Another session of seeing how the words fit together in the fading of the day. There’s a cooling breeze off the sea and the boys (plus one girl) are, with some intensity of focus, playing their evening round of endless football. Bright eyes in sweat stuck dusty faces. Some old cowboy at the bar is telling anybody who wants to know that UK prime minister David ‘Pinky’ Cameron has been arrested, though what he’s been charged with is not entirely clear. Surely he wasn’t really trying to sell the Colonel a nuclear bomb or was it merely a junior chemistry set with the added extra of a smudged leaflet on bomb making techniques. Or more likely wanting to get in first with a special deal for a cut-price air force. Perhaps the paperwork on that old drugs offence has caught up with him. Like the poor old rich man, Silvio the Crooner, there are bits of Velcro hidden away in hard to reach places (even for underage prostitutes) on which old crimes are hooked.
Did you see Zoe leave town on that white horse – was she wearing a blue dress – what sort of dress was it, what sort of blue, a washed out cerulean blue??
Ah, if only I was younger . . . even the imagination can’t quite make it, let alone what we kindly refer to as the physical body. It’s possible that the physical evaporated some way back. The artist looks at his pencilled, charcoaled lines, rubs at them with a blackened thumb, then thins them with a lump of gristle (at least that’s what it looks like), thins them to a mere suggestion of the human, what we call spirit (perhaps) – a Dawkinite non-concept – can you see St Richard, he’s staring out of the corner he’s painted himself into. He thought all discourses could be reduced to one: his, of course.
A woman, tallish with straggly hair and a crooked smile, blue jeans and a rare silk shirt, stops by my table and tells me, Zoe was dressed in black when she left on the white horse.
Can you see the future, I ask her.
Sometimes, she says.
I wish I had a pipe and tobacco to light as she hesitates over her next line.
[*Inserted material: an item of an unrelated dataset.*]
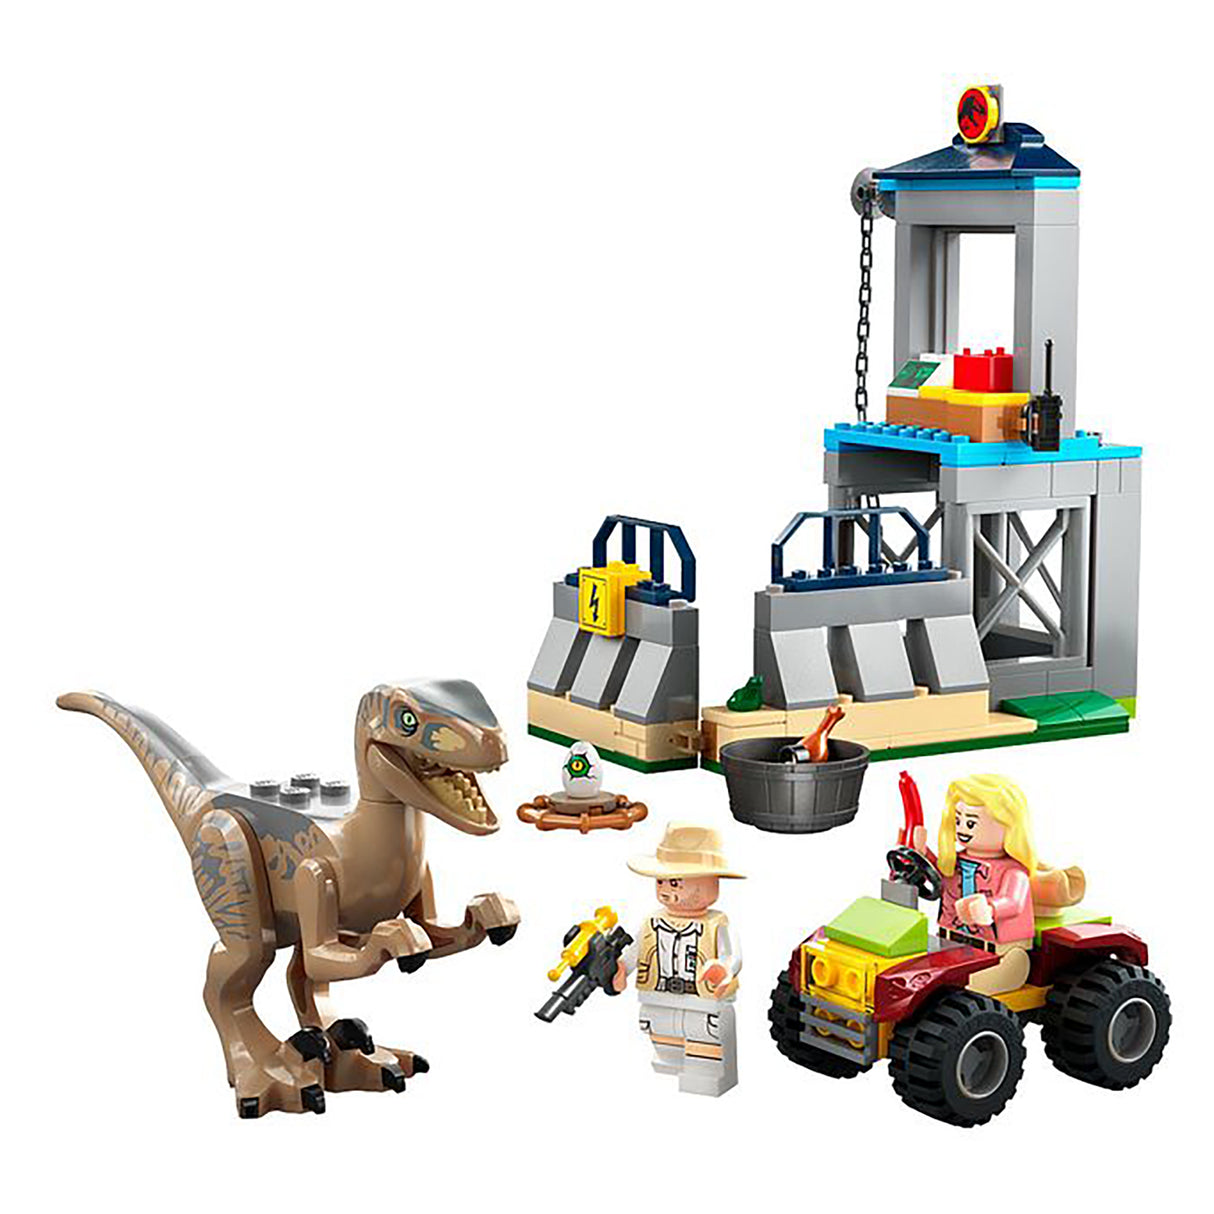 LEGO Jurassic Park Velociraptor Escape 76957 (137 pieces)
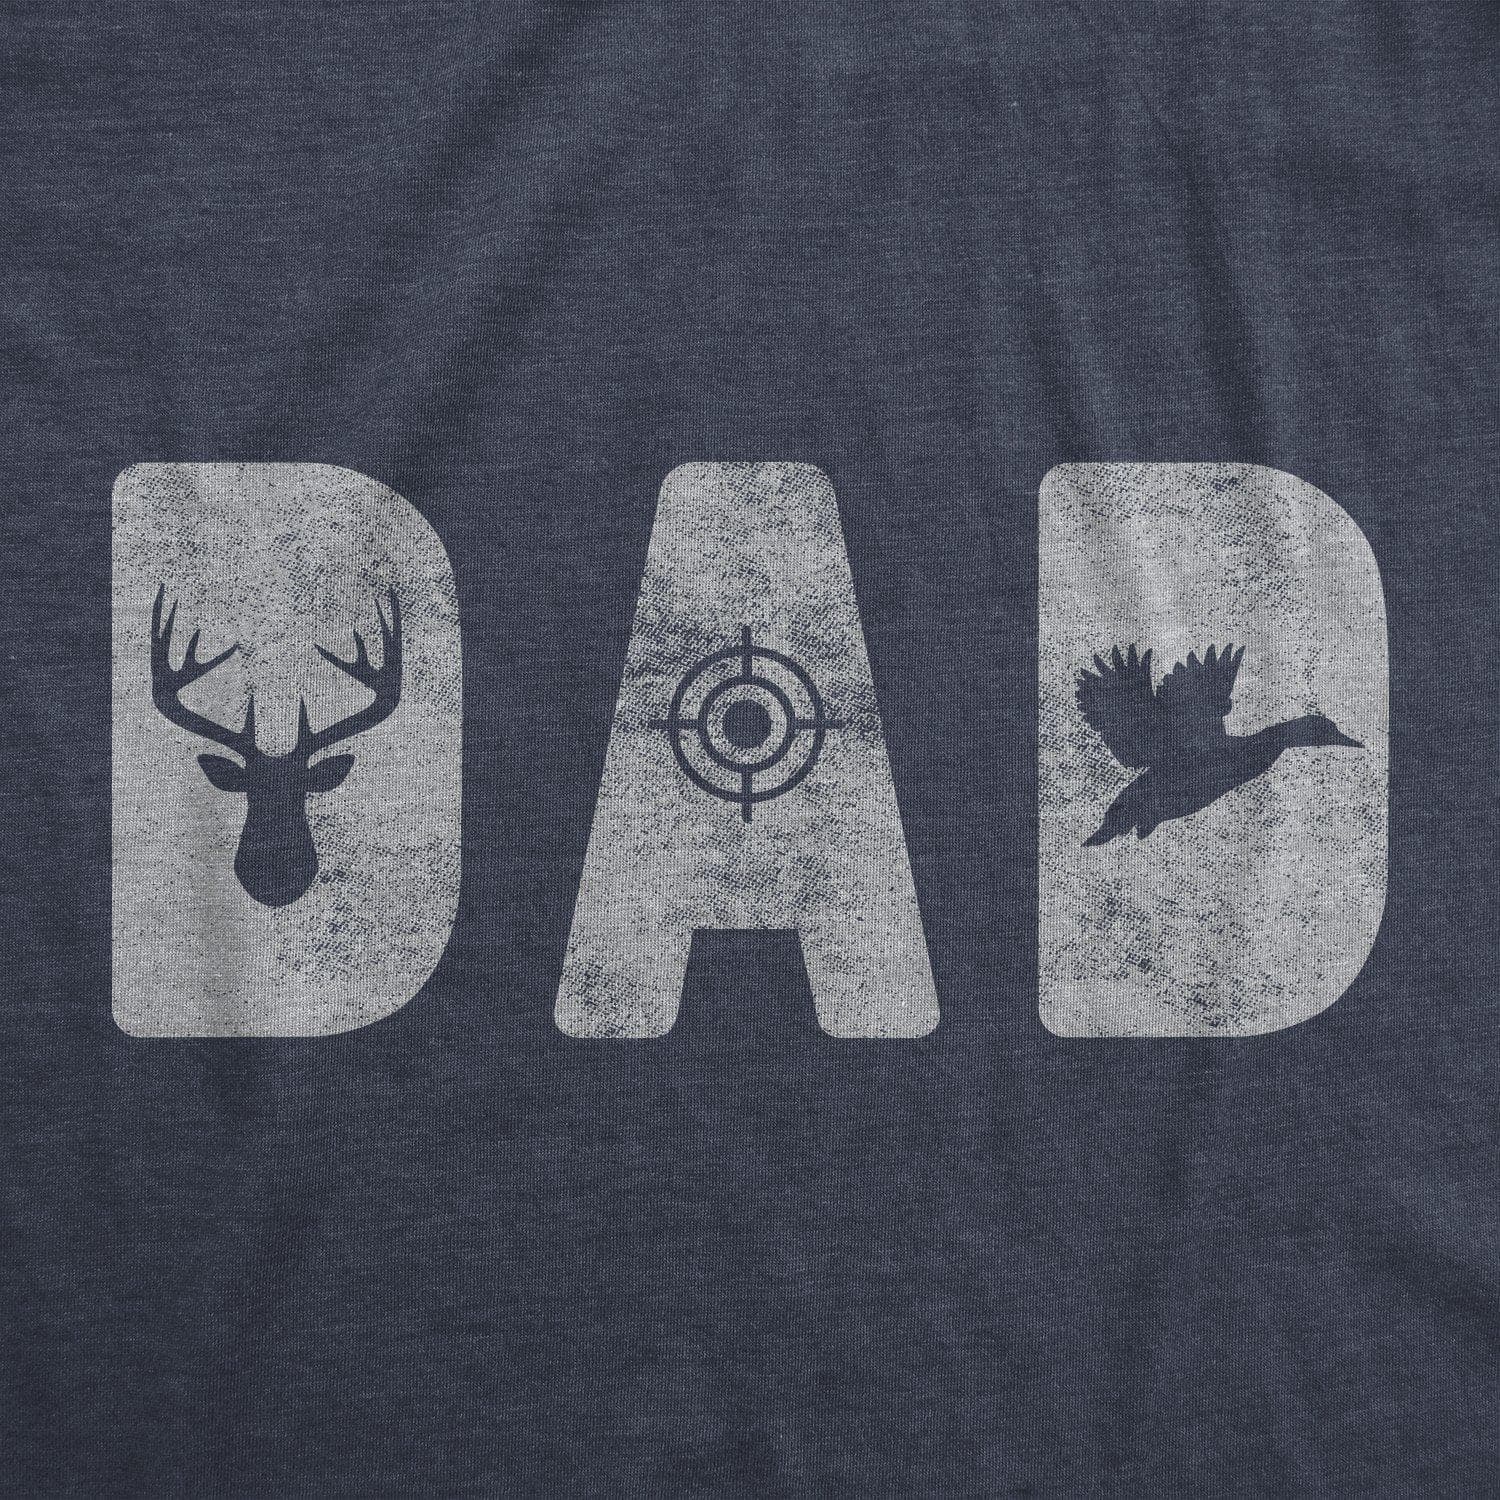 Hunting Shirt, Deer Camp Shirt, Deer Hunting Shirt, Funny Hunting Shirt,  Hunting T-shirt

Sometimes, she continues, it smacks you right between the eyes.
Yeah, I say, shrugging as I say it, thinking, don’t commit yourself and for God’s sake don’t add, I know what you mean. She’s sort of pretty, though I guess she’s a bit old for pretty. Is attractive a better word? She’s certainly attracting me.
Would you like, I start to say, but I’m too slow (so what’s new!) and she’s gone.